Cokie Roberts needs a reality check because she's got herself convinced that if the president would just sit down and talk nice to the terrorists in the House of Representatives all of this talk about shutdowns and defaults wouldn't happen. In Cokie's pretty little world, there would be this nice negotiation and then Congress would link hands and sing Kumbaya after they gave the Tea Party their full list of demands.
After all, what do elections matter if the side who has the hostage can shoot it without consequence, right?
The roundtable on This Week was a shameful exercise in Village delusion. We begin with Cokie's "both sides" nonsense:
I might say this whole business of, you know, we won't negotiate with a gun to your head, actually I would prefer to negotiate with a gun to my head rather than have somebody shoot me.
And I think that's where they could end up if they don't sit down and talk. And so both sides really do need to some, now, I've got to believe that there is (inaudible) nobody in a back room with something in a back pocket.
No one reminded Cokie that both branches of Congress passed budgets in March and April. No one reminded Cokie that the Senate has requested a conference NINETEEN times only to have Ted Cruz block appointment of conferees in the Senate and the House refusing to appoint them too. Nay, that must be too esoteric for the Villagers.
So the terrorists take an innocent hostage -- the ACA -- and put a gun not only to the President's head, but to 800,000 Federal employees, the Senate, and every citizen of this country. Anyone with half a brain should have figured out by now that this is EXTREME behavior. It is not normal, it is not a "both sides" moment. After all, I can't recall Nancy Pelosi holding Dubya by the short hairs along with the entire country by threatening default and shutting down the government to withhold funding for the Iraq war. Because that's not what responsible politicians do.
There are lines that should not be crossed, but Cokie feels sorry for the terrorists. She's sad that the President is pushing them to be embarrassed by their embarrassing and unpatriotic behavior, and she has an ally in Jon Karl.
KARL: So you need something. Look the Republicans at this point have gotten themselves into this dark alley, into this box canyon. They need a way out. They cannot unconditionally surrender. I mean the White House I think that the danger for the White House is they are so convinced that they have the upper hand. And they do right now, absolutely have the upper hand. But they will overplay that and force the Republicans to a self-destructive move.
ROBERTS: What is the point of that by the way? What is the point of that? What is the point of the White House pushing them so hard that they have cry uncle?
The point, Cokie, is a simple one. We do not negotiate with terrorists, whether they originate here or in other countries.
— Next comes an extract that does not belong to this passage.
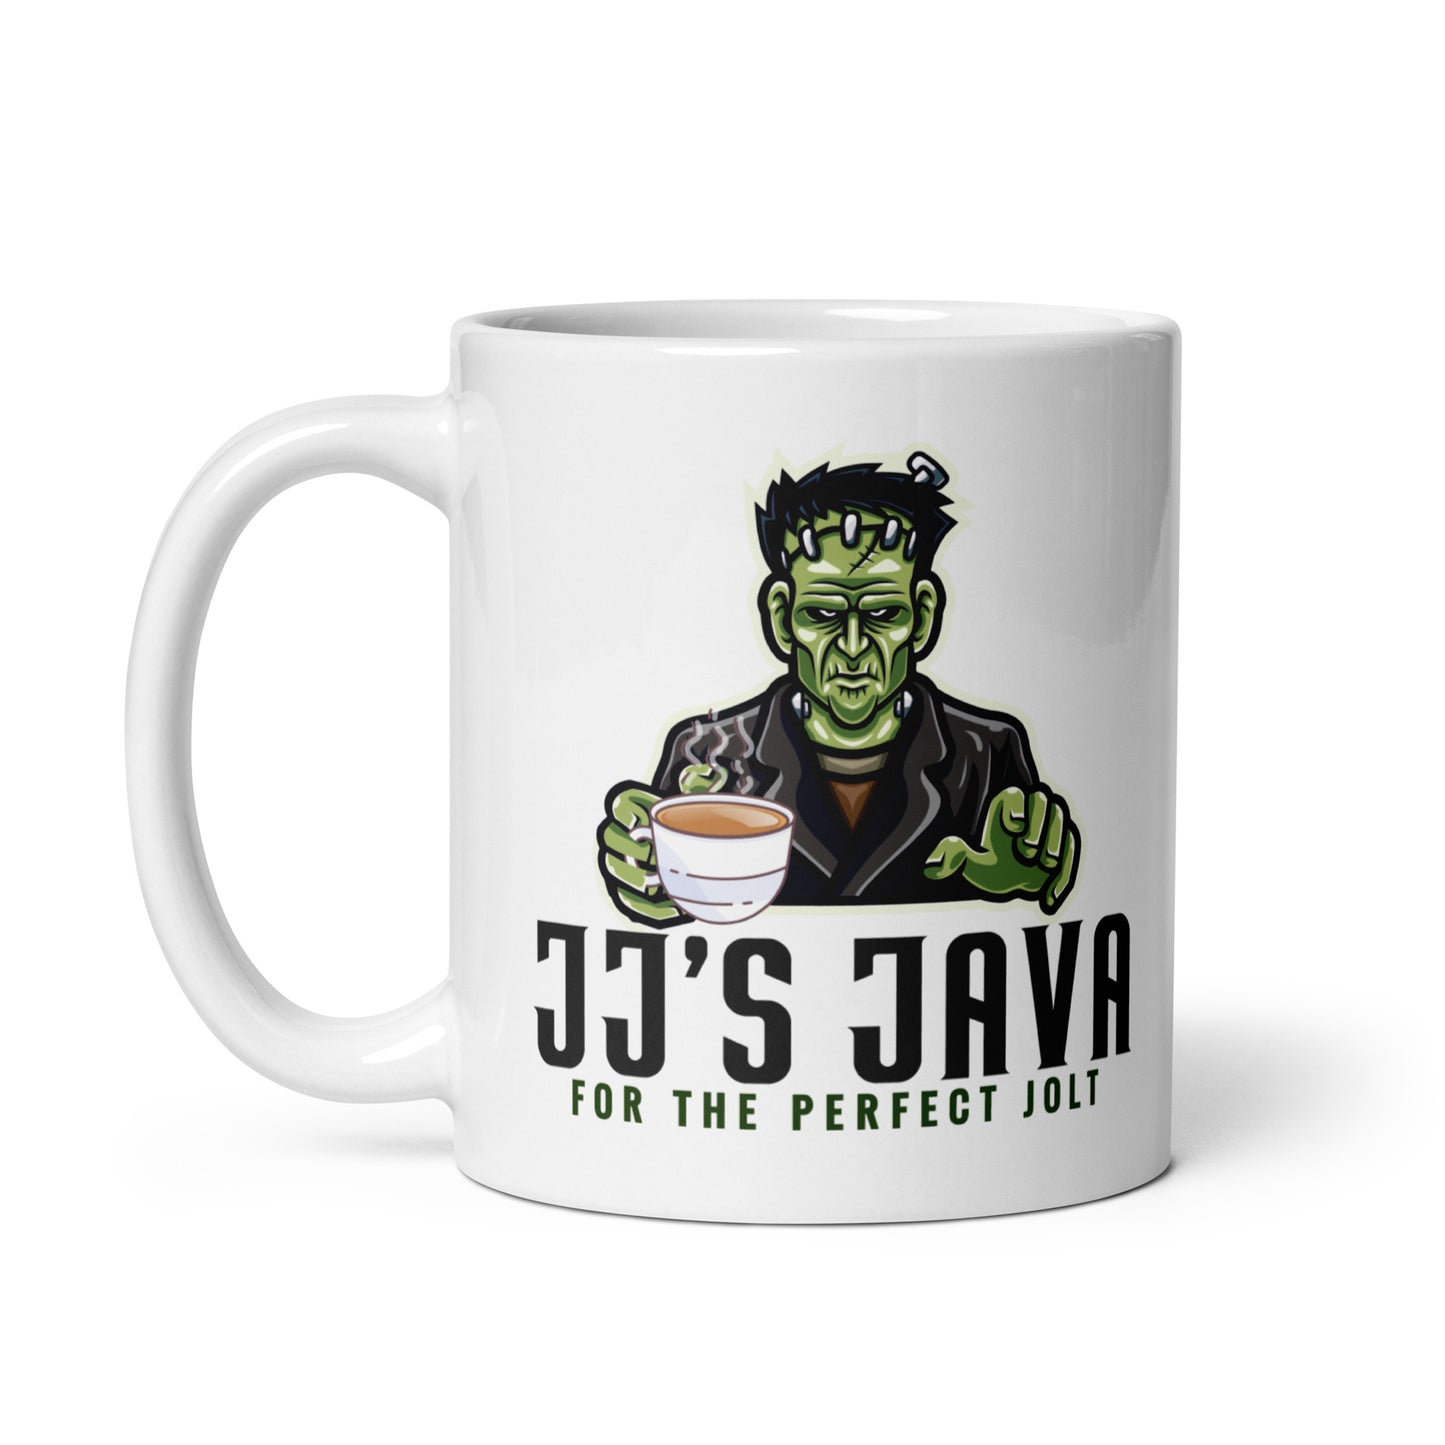 The Perfect Jolt mug

We do not cave in to unreasonable demands and we expect our elected officials to put the country ahead of their own political aims. That is the point.
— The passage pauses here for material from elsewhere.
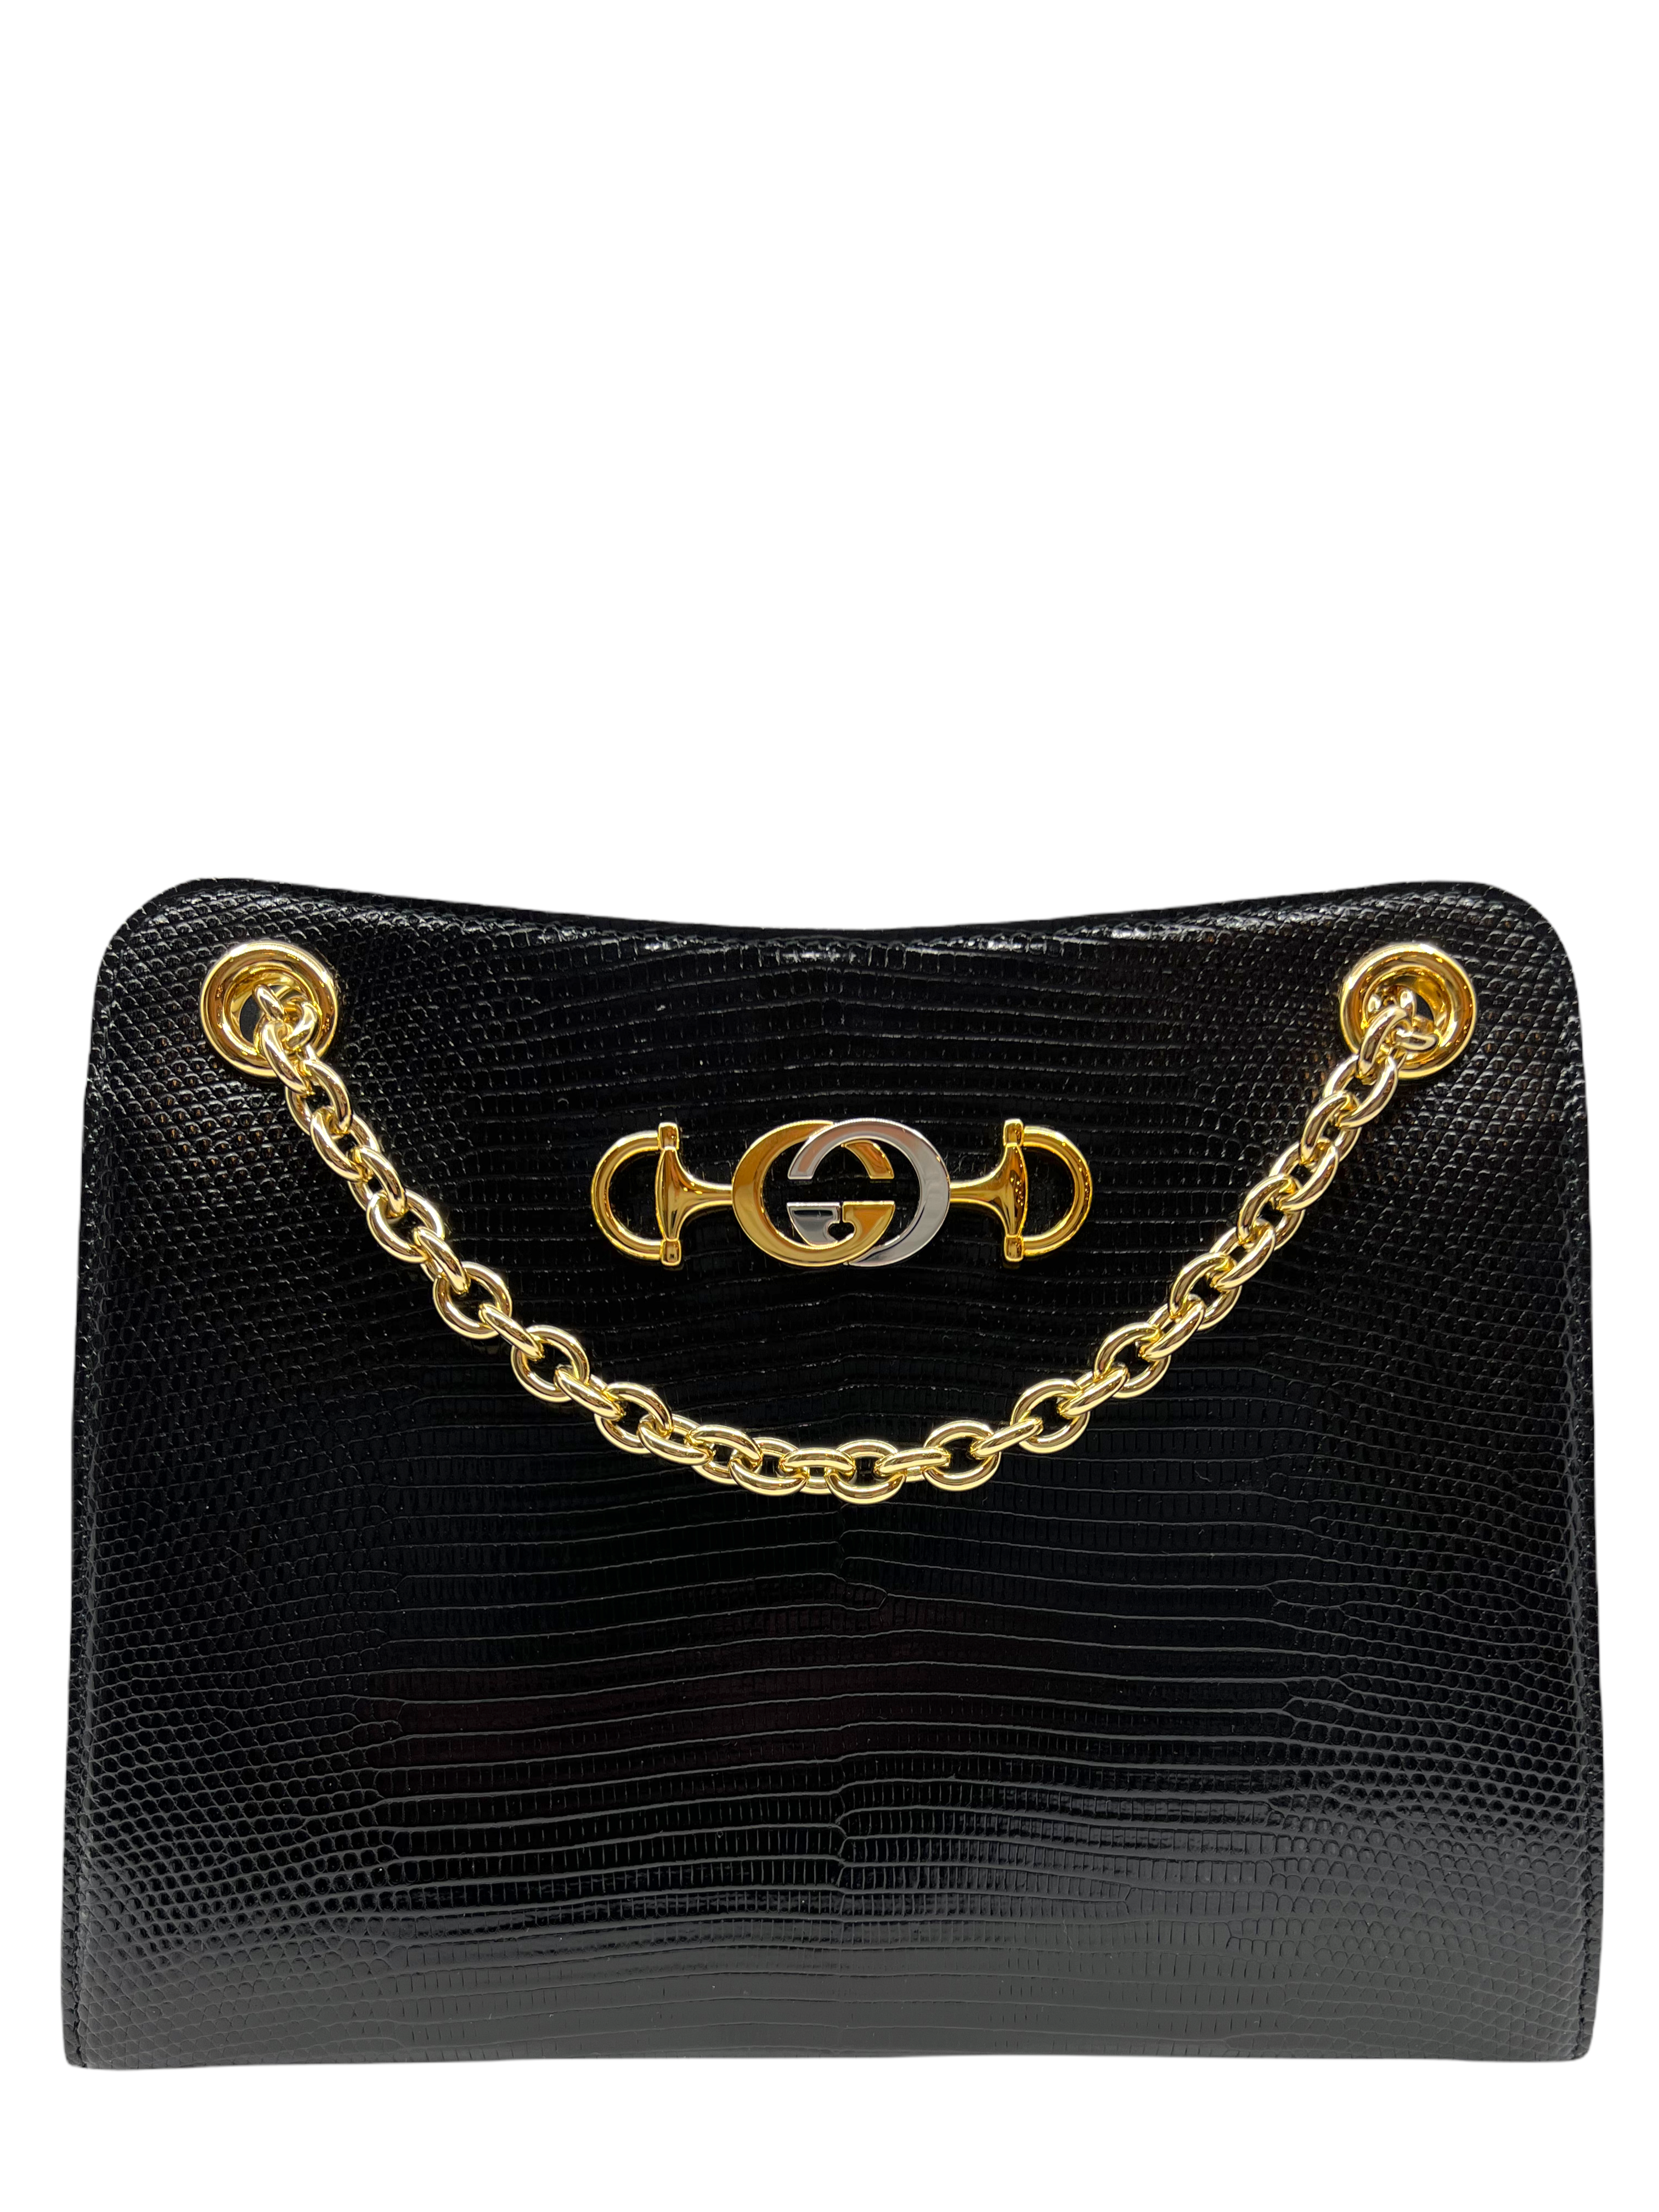 Gucci Diana lizard mini bag in black

The problem is, this attitude is now the Village cry. Dan Balz wrote a long, contemplative piece for today's Washington Post blaming both sides for moving farther from the center into their own ideological universes. His entire piece fails to mention the fact that ONE side has left the rational world, much less the rational center.
There are a few breaths of fresh air in the putrid Village universe, however. Nicholas Kristof laid it out clearly in the New York Times:
The stakes rise as we approach the debt limit and the risk of default — which the Treasury Department notes could have an impact like that of the 2008 financial crisis and “has the potential to be catastrophic.” Astonishingly, Republican hard-liners see that potential catastrophe as a source of bargaining power in a game of extortion: We don’t want anything to happen to this fine American economy as we approach the debt limit, so you’d better meet our demands.
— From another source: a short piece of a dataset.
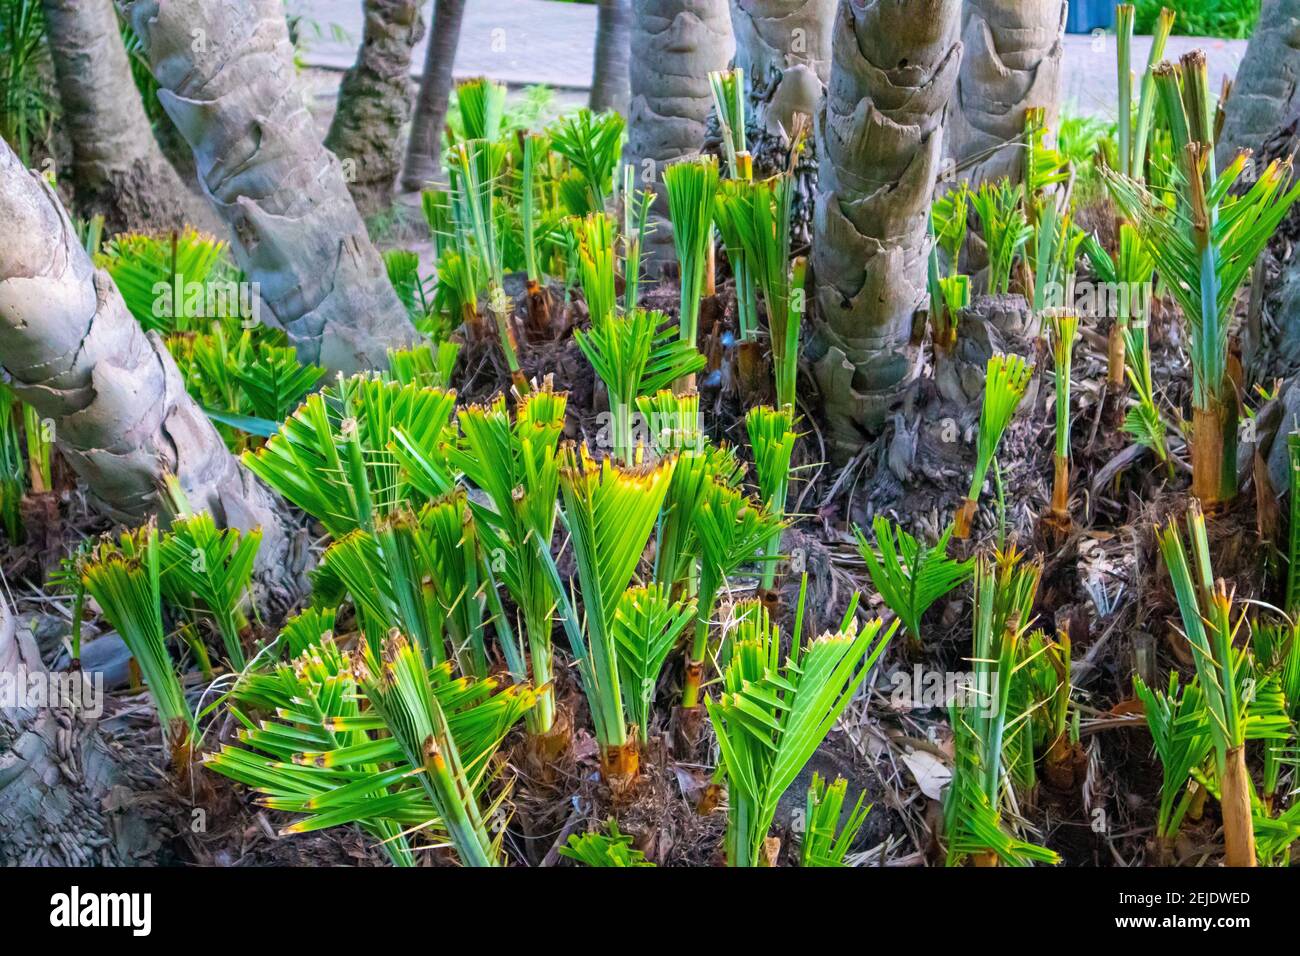 Jardins- le Cap, Afrique du Sud - 19-02-2021 palmiers jeunes, vivants et verts. Dans leurs premiers stades de croissance. Banque D'Images

In this situation, it strikes a false note for us as journalists to cover the crisis simply by quoting each side as blaming the other. That’s a false equivalency.
Look, Cokie! He said it. He put it right there on the table. So did Media Matters, who put responsibility for this ongoing clusterf*ck right on the shoulders of those who caused or helped to cause it:
What's been clear for years is that the press clings to its preferred storyline: When Republicans obstruct Obama's agenda, the president's to blame for not changing the GOP's unprecedented behavior. In other words, "both sides" are to blame for the GOP's radical actions and the epic gridlock it produces.
The media lesson for Republicans? There's very little political downside to pushing extremism if the press is going to give the party a pass.
Which is exactly what Cokie and her pals did in that segment. They pretended to be serious, but they were just giving cover to the Tea Party terrorists to continue their extreme behavior unabated, while the rest of the country, our economy, and what shreds of our social safety net remain are sucked away in a sea of shouts about 'both sides' doing it.
What will it take for them to actually be honest with their audiences? I don't know. The pattern is clear to anyone paying attention:
And now, rather than seeing the health care obstructionism as part of an obvious Republican continuum, and rather than noting it followed the gun law obstructionism, which followed the sequester obstructionism, which followed the Chuck Hagel confirmation obstructionism, which followed the Hurricane Sandy emergency relief obstructionism, which followed consistent obstructionism on juridicial nominees, the press remains reluctant to connect the obvious dots that help paint the portrait of a truly radical Republican party.
You can rest assured, however, that they don't shy away from painting a portrait of Barack Obama as a radical liberal who somehow deserves this kind of obstruction, because...both sides.